SURGICAL TREATMENT OF EARLY POSTOPERATIVE COMPLICATIONS OF ENDOVASCULAR REVASCULARIZATION OF A MULTI-LEVEL STENOTIC-OCCLUSIVE ATHEROSCLEROTIC LESION OF THE FEMORAL-DISTAL ARTERIAL BED
The use of endovascular techniques remains the only chance to restore blood flow under the conditions of a distal stenotic-occlusive process. Nevertheless, under the conditions of endovascular reconstructive surgery of the distal arterial bed, unsatisfactory results occur in 6-32% of cases in the form of thrombosis or restenosis of the reconstruction segment due to the progression of signs of limb ischemia.
The aim is to improve the results of endovascular revascularization of multilevel atherosclerotic stenotic-occlusive femoral-distal arterial bed by surgical treatment of postoperative complicated forms of revascularized infrainguinal arterial bed.
Materials and methods. 164 patients with multilevel stenotic-occlusive lesions of the femoral-distal arterial bed were under observation. Ultrasound dopplerography was used to select the volume of reconstructive intervention. Endovascular angioplasty of the femoral-popliteal segment (I stage) was performed with Pan Medical (PEKICO), OPTA PRO (Cordis) balloon catheters. In 41.10% of observations, balloon angioplasty of the femoral segment was continued with the placement of a stent - a self-expanding Smart ControL stent (Cordis), a self-expanding Carbostent stent (Flype), a self-expanding stent - Vascular stent (BARD) was used. Endovascular angioplasty of the arteries of the tibial segment (II stage) was performed using long balloons (80-150 mm) Armada 35 LL manufactured by Abbott Vascular (USA) and Amphirion Deep (Medtronic) Coyote (Boston Scientific). 76 intraluminal and 33 subintimal angioplasty were performed.

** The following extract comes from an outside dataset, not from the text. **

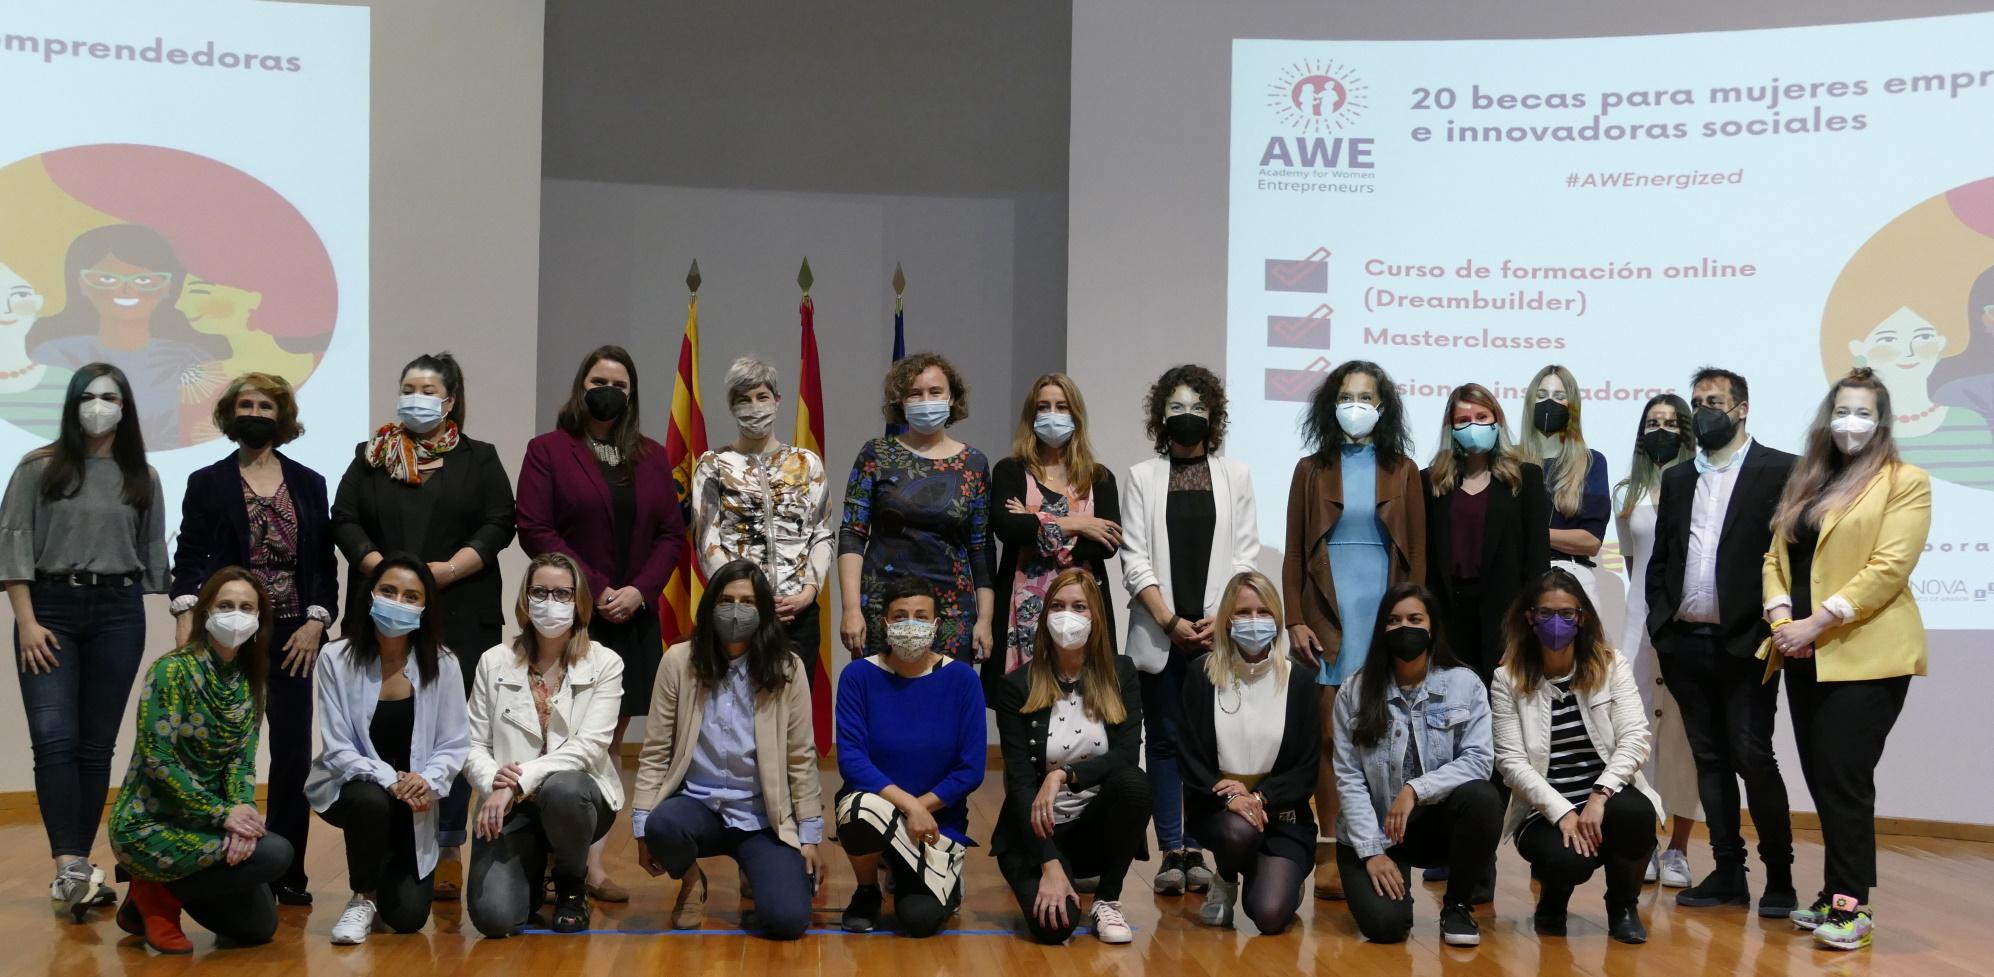 Veinte mujeres de Aragón inician una formación empresarial financiada por Estados Unidos

When performing subintimal angioplasty, CompleteSE (Medtronic), Smart (Cordis) and CompleteSE (Medtronic) stents were used. In 40 patients, angioplasty was performed on two arteries of the leg, in 33 - on one of the tibial arteries. At the first stage, an open reconstruction of the femoral-popliteal segment was performed - the formation of a femoral-popliteal autovenous shunt. In 20 (21.98%) observations, the proximal anastomosis was formed at the level of the bifurcation of the thoracic cavity during simultaneous deep fundoplasty. In 36 (39.51%) observations, the distal anastomosis of the autovenous shunt was formed at the level of the PCA by the end-to-end type. A 6F Check-Flo Performer (USA), Balton (EU) introducer was used to ensure the change of the balloon catheter. Long balloons (80-150 mm) Armada 35 LL manufactured by Abbott Vascular (USA) and Amphirion Deep (Medtronic) Coyote (Boston Scientific) were used, CompleteSE stents (Medtronic) – 23 cases, Smart (Cordis) – 24 observations.
Conclusions. The early postoperative period of endovascular revascularization of a multilevel stenotic-occlusive lesion of the femoral-distal arterial bed is complicated by thrombosis of the popliteal-tibial segment in 15.9% of observations. Thrombosis of the popliteal segment is detected 2.7 times more often after endovascular angioplasty of one of the tibial arteries during endovascular revascularization of a multilevel stenotic-occlusive lesion of the femoral-distal arterial bed than during endovascular angioplasty of two tibial arteries. The effectiveness of the use of rheological thrombus extraction by the Angiojet system in the surgical treatment of postoperative thrombosis of the popliteal segment, which is formed in 15.9% of observations after endovascular revascularization of a stenotic-occlusive lesion of the femoral-distal arterial bed, is equal to 84.6%.